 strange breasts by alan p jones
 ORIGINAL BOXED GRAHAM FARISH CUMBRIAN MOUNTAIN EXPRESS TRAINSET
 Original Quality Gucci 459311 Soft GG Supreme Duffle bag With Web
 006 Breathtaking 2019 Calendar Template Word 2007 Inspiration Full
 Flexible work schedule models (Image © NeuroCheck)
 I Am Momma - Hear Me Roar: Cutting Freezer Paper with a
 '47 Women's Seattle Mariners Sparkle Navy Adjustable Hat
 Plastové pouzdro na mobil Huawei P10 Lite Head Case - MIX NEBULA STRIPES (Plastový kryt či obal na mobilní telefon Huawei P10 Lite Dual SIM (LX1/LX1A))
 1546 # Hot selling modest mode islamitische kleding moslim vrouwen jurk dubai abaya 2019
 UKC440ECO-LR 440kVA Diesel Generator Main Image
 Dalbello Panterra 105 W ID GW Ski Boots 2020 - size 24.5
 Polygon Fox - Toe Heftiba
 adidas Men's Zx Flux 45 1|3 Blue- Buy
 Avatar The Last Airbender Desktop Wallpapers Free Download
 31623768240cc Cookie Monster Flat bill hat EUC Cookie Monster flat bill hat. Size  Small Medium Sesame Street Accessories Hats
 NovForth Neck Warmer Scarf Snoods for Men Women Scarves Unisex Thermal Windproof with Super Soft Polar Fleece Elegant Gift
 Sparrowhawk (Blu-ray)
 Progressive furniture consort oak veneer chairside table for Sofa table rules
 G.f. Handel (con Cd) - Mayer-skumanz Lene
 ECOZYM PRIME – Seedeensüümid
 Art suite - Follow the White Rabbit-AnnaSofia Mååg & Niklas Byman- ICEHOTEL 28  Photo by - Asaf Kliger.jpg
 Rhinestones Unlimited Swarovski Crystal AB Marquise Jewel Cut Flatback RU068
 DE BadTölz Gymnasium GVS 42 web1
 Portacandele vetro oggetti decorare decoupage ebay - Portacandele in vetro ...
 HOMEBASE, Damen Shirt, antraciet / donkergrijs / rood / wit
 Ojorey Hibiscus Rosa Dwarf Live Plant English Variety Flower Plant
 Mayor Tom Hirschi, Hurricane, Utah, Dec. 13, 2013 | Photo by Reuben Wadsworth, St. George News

**Your instructions**
Give back the full listing above, exactly as it reads.

**Answer section**
 strange breasts by alan p jones
 ORIGINAL BOXED GRAHAM FARISH CUMBRIAN MOUNTAIN EXPRESS TRAINSET
 Original Quality Gucci 459311 Soft GG Supreme Duffle bag With Web
 006 Breathtaking 2019 Calendar Template Word 2007 Inspiration Full
 Flexible work schedule models (Image © NeuroCheck)
 I Am Momma - Hear Me Roar: Cutting Freezer Paper with a
 '47 Women's Seattle Mariners Sparkle Navy Adjustable Hat
 Plastové pouzdro na mobil Huawei P10 Lite Head Case - MIX NEBULA STRIPES (Plastový kryt či obal na mobilní telefon Huawei P10 Lite Dual SIM (LX1/LX1A))
 1546 # Hot selling modest mode islamitische kleding moslim vrouwen jurk dubai abaya 2019
 UKC440ECO-LR 440kVA Diesel Generator Main Image
 Dalbello Panterra 105 W ID GW Ski Boots 2020 - size 24.5
 Polygon Fox - Toe Heftiba
 adidas Men's Zx Flux 45 1|3 Blue- Buy
 Avatar The Last Airbender Desktop Wallpapers Free Download
 31623768240cc Cookie Monster Flat bill hat EUC Cookie Monster flat bill hat. Size  Small Medium Sesame Street Accessories Hats
 NovForth Neck Warmer Scarf Snoods for Men Women Scarves Unisex Thermal Windproof with Super Soft Polar Fleece Elegant Gift
 Sparrowhawk (Blu-ray)
 Progressive furniture consort oak veneer chairside table for Sofa table rules
 G.f. Handel (con Cd) - Mayer-skumanz Lene
 ECOZYM PRIME – Seedeensüümid
 Art suite - Follow the White Rabbit-AnnaSofia Mååg & Niklas Byman- ICEHOTEL 28  Photo by - Asaf Kliger.jpg
 Rhinestones Unlimited Swarovski Crystal AB Marquise Jewel Cut Flatback RU068
 DE BadTölz Gymnasium GVS 42 web1
 Portacandele vetro oggetti decorare decoupage ebay - Portacandele in vetro ...
 HOMEBASE, Damen Shirt, antraciet / donkergrijs / rood / wit
 Ojorey Hibiscus Rosa Dwarf Live Plant English Variety Flower Plant
 Mayor Tom Hirschi, Hurricane, Utah, Dec. 13, 2013 | Photo by Reuben Wadsworth, St. George News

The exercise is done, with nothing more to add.